From cyclical tailwinds such as a weaker U.S. dollar to depressed investor sentiment and positioning (which are contrarian positives) and structural demand-supply imbalances, there are good conditions for commodities over the medium term. The fact that prices are close to cycle lows (the Bloomberg Commodities Spot Price Index is down 29 per cent from its peak in mid-2022, bringing valuations to near rock-bottom levels) is a clear sign that there is excessive pessimism “in the price.”

Additionally, commodities are a great diversifier, and that just adds to our conviction.

We do acknowledge that global recession risk is elevated, especially as manufacturing activity remains depressed and China is facing a wave of excess capacity. However, the weak price performance of commodities overall implies that recession risk is priced in already. Additionally, we see new demand counterbalancing the demand destruction from China over the medium term as other emerging countries in Asia (for example, India and Vietnam) expand their manufacturing capabilities to capture market share vacated by China.

With inflation inching back to target and a loosening of labour market conditions, the U.S. Federal Reserve is set to unwind the sharpest tightening cycle in four decades. This invariably translates into a weaker U.S. dollar, with a similar unwind seen in the early 2000s and in the wake of the global financial crisis, when we saw the dollar index weaken by 33 per cent and 23 per cent, respectively. Though the DXY dollar index is already down 11 per cent from its late 2022 peak, our “fair value” models indicate further downside ahead, with the index remaining the most overvalued of the currencies we track (down roughly another 10 per cent on this basis).

Commodities have a negative correlation to the direction of the greenback, given that they are priced in dollars. For example, through the bear market in the U.S. dollar from 2002 to 2007, the Bloomberg Commodities Spot Price Index was up a whopping 353 per cent. Overall, the correlation of 12-month rolling returns of all commodities against the DXY dollar index is down 42 per cent, albeit by varying degrees. Natural gas (down 3 per cent) and cattle (down 8 per cent) have the smallest negative correlation to the U.S. dollar, while copper (down 46 per cent), gold (down 44 per cent) and platinum (down 43 per cent) have the largest, implying that metals will likely be the biggest beneficiaries as the U.S. dollar continues its journey downward.

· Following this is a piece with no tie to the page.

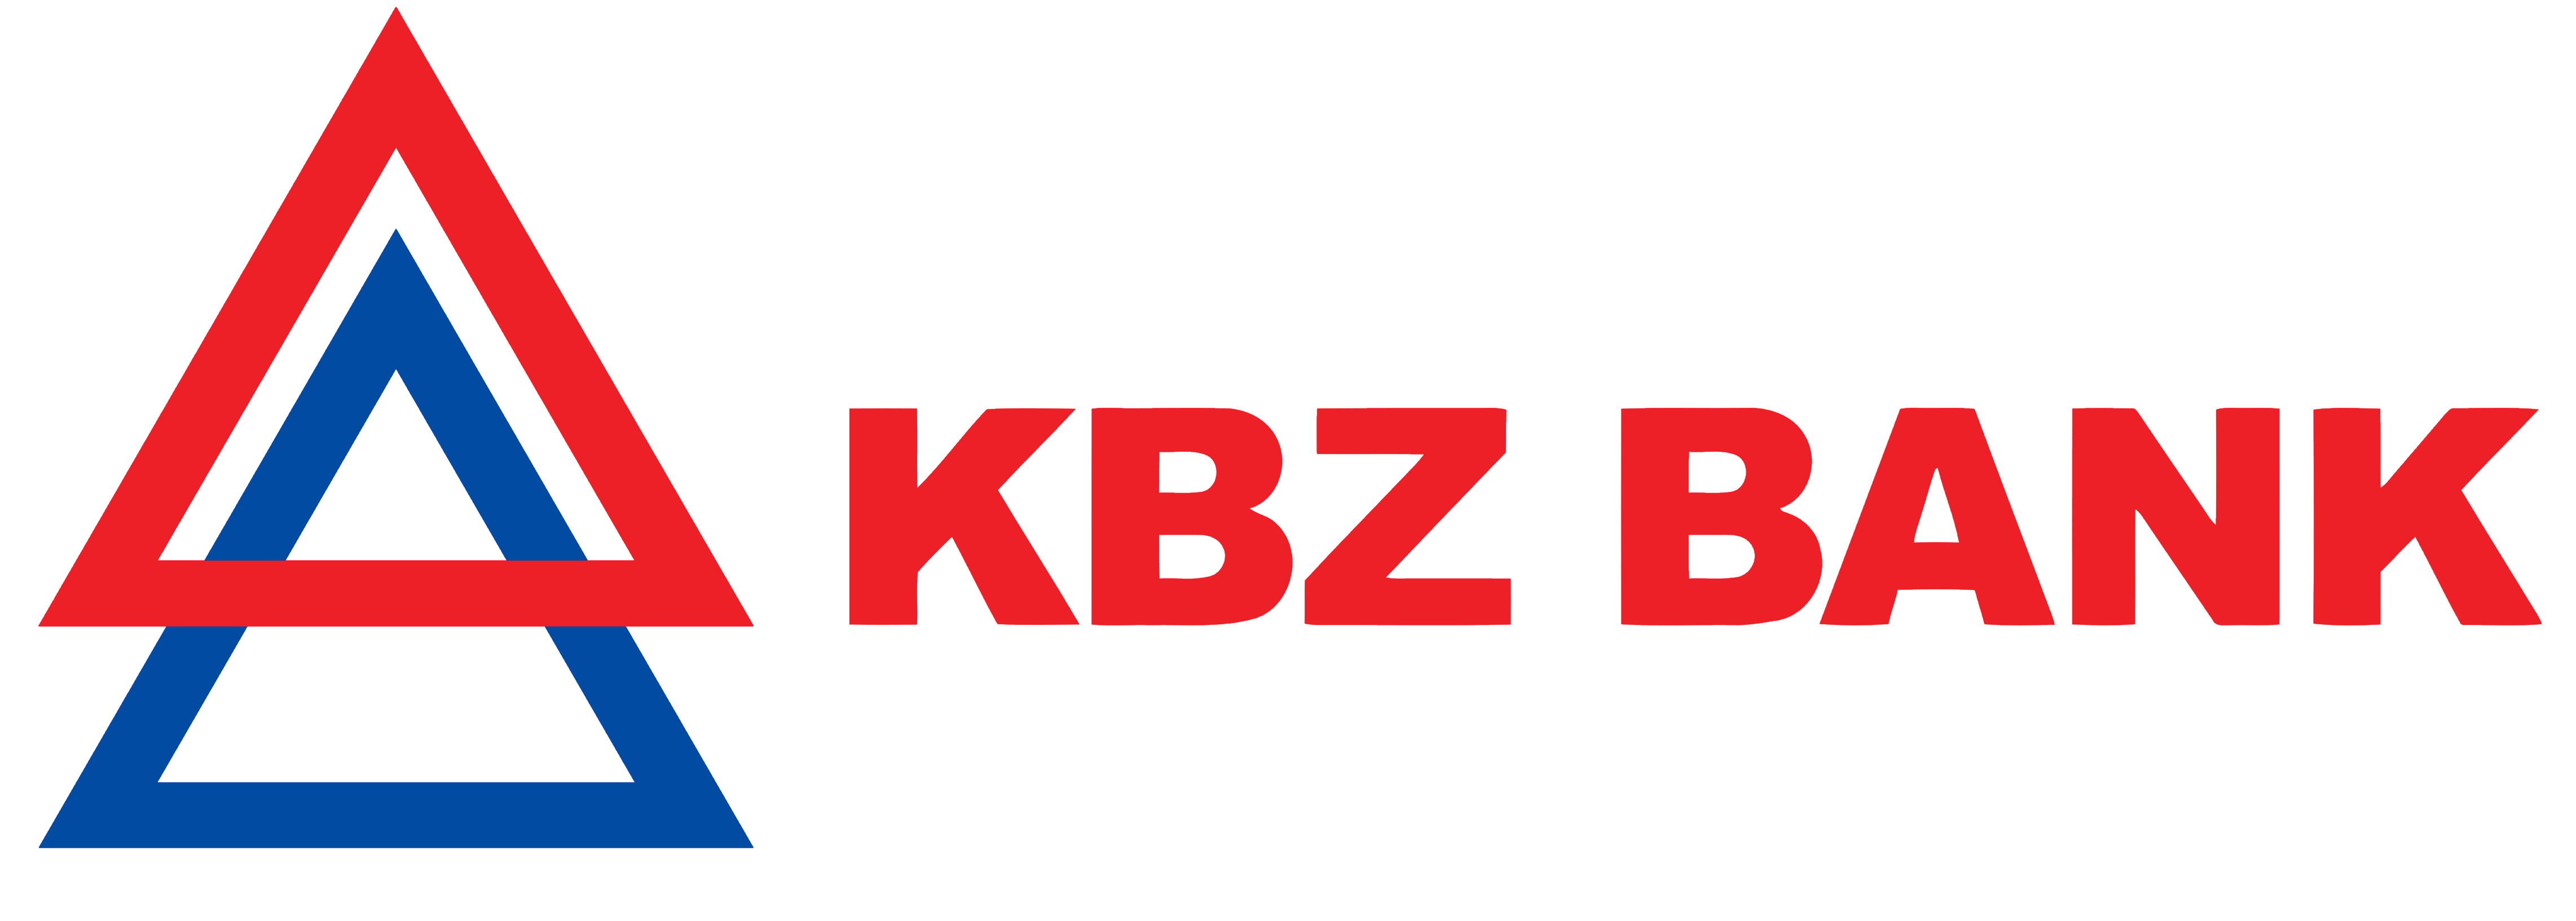 KBZ_Bank_logo_symbol

Investors have abandoned commodity exposure, and the asset class is completely unloved. Overall sentiment and positioning in the space are negative, increasing the odds of a surprise to the upside on any positive news. In terms of positioning, average CFTC net positioning across commodities is at a lowly 20th percentile reading, while 12-month rolling net flows into natural resources ETFs as a percentage of total ETF flows are at a 17th percentile reading. What’s more, Consensus Inc.’s Bullish Sentiment Index for all commodities averages at a reading of 42, which sits at a 21st percentile, too, implying an overall bearish sentiment among market participants. These are contrarian signs. As everyone piles on the “short” side of the trade, taking the other side offers a chance to benefit when the herd reverses course as they begin to sniff the inevitable recovery.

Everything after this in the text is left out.